This seems perfectly acceptable to us too

This is about American practices but still:

When my kids started pre-kindergarten in New York last year, the school issued parents with a long list of items to buy and bring in. This was not, as in state school in Britain, a list of uniform and PE kit requirements but rather necessities including paper towels, glue sticks, a year’s supply of paper plates and plastic cutlery, cups, napkins, board markers, crayons and packing tape. Classroom supplies, in other words.

These donations were discretionary; no one was going to yell at you if you didn’t bring them in. And in the sheer volume of stuff being asked of each parent – for two kids in separate classes, it was way too much to be carried in on a single trip – the tacit understanding was that those who could afford it were providing for those who could not.

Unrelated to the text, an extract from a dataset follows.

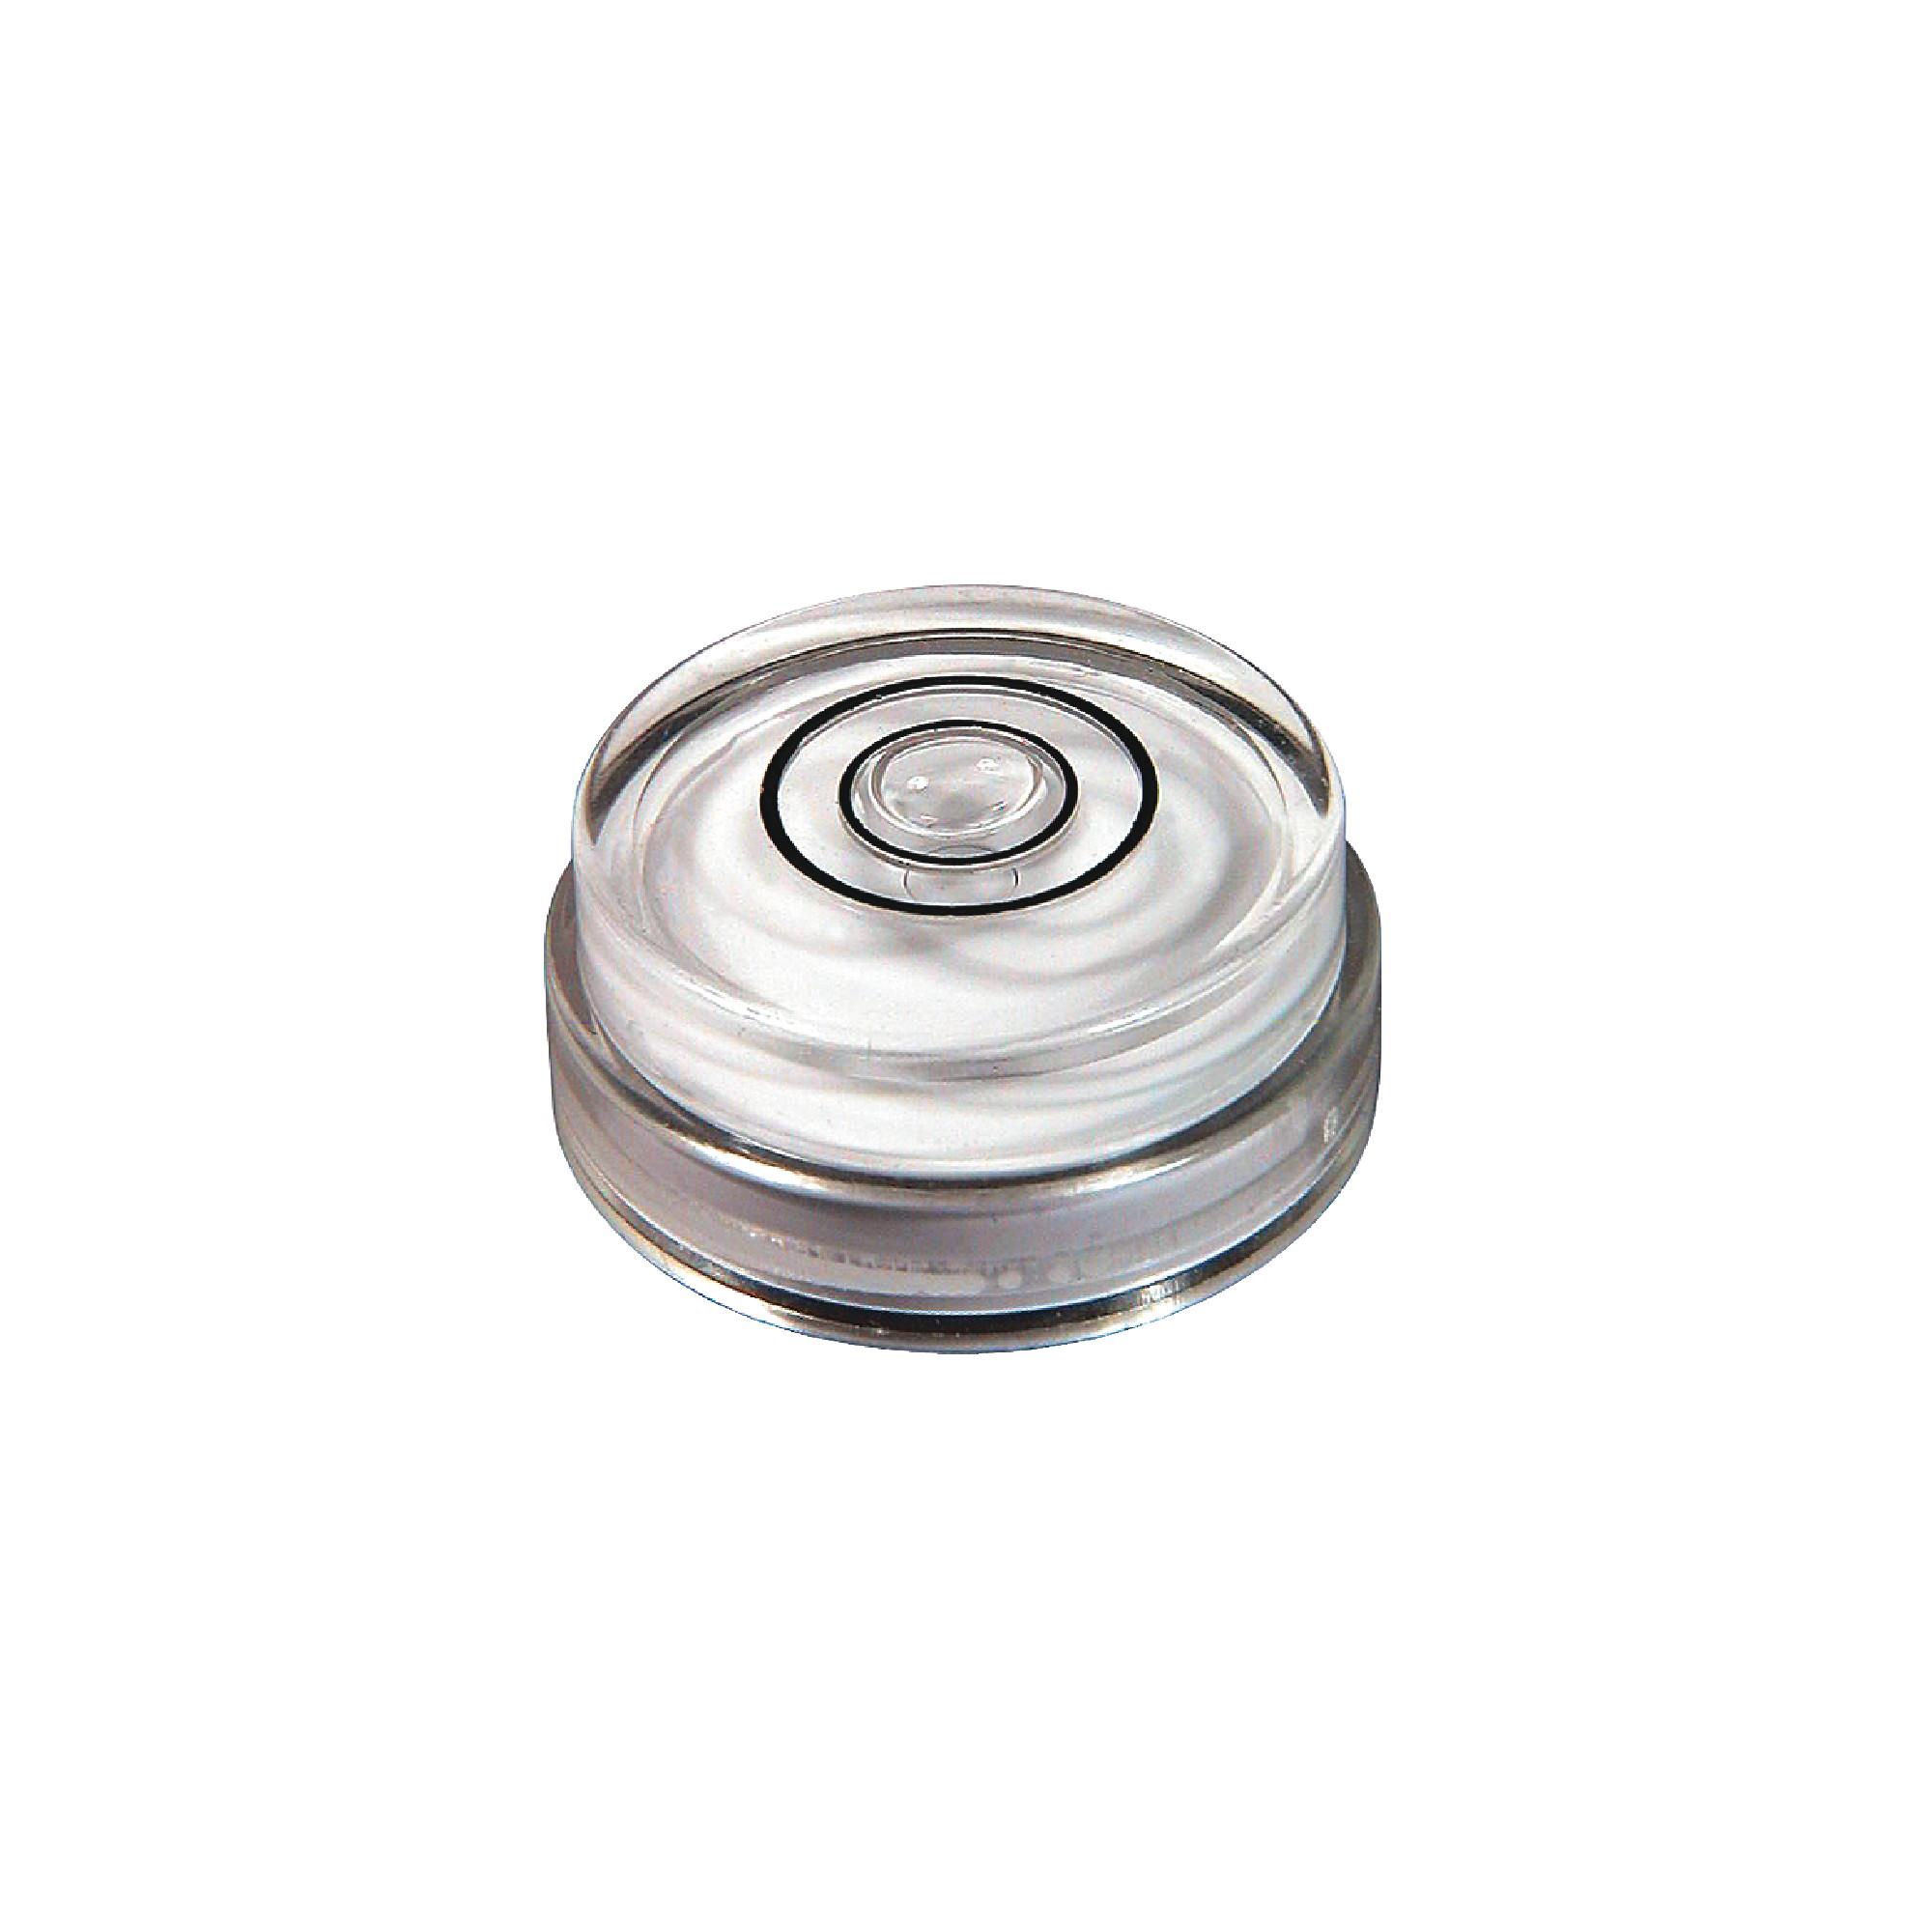 Circular Bullseye Level

This seemed to me right and reasonable at the time. The New York education system is as cash-strapped as any and, at least in the small scale, asking affluent parents to help out makes sense.

Think of what the alternative is. A higher education budget. Which will be financed by the progressive system of taxation in use. Which would mean those who can afford it providing for those who cannot. Unless it’s all more moral if the money is collected a gunpoint - the ultimate force behind any system of taxation rather than donation - we don’t see a particular difference.

Except, of course, that this way the educational bureaucracy doesn’t get a slice of the budget. Perhaps it’s that which makes the direct donation something to abhor?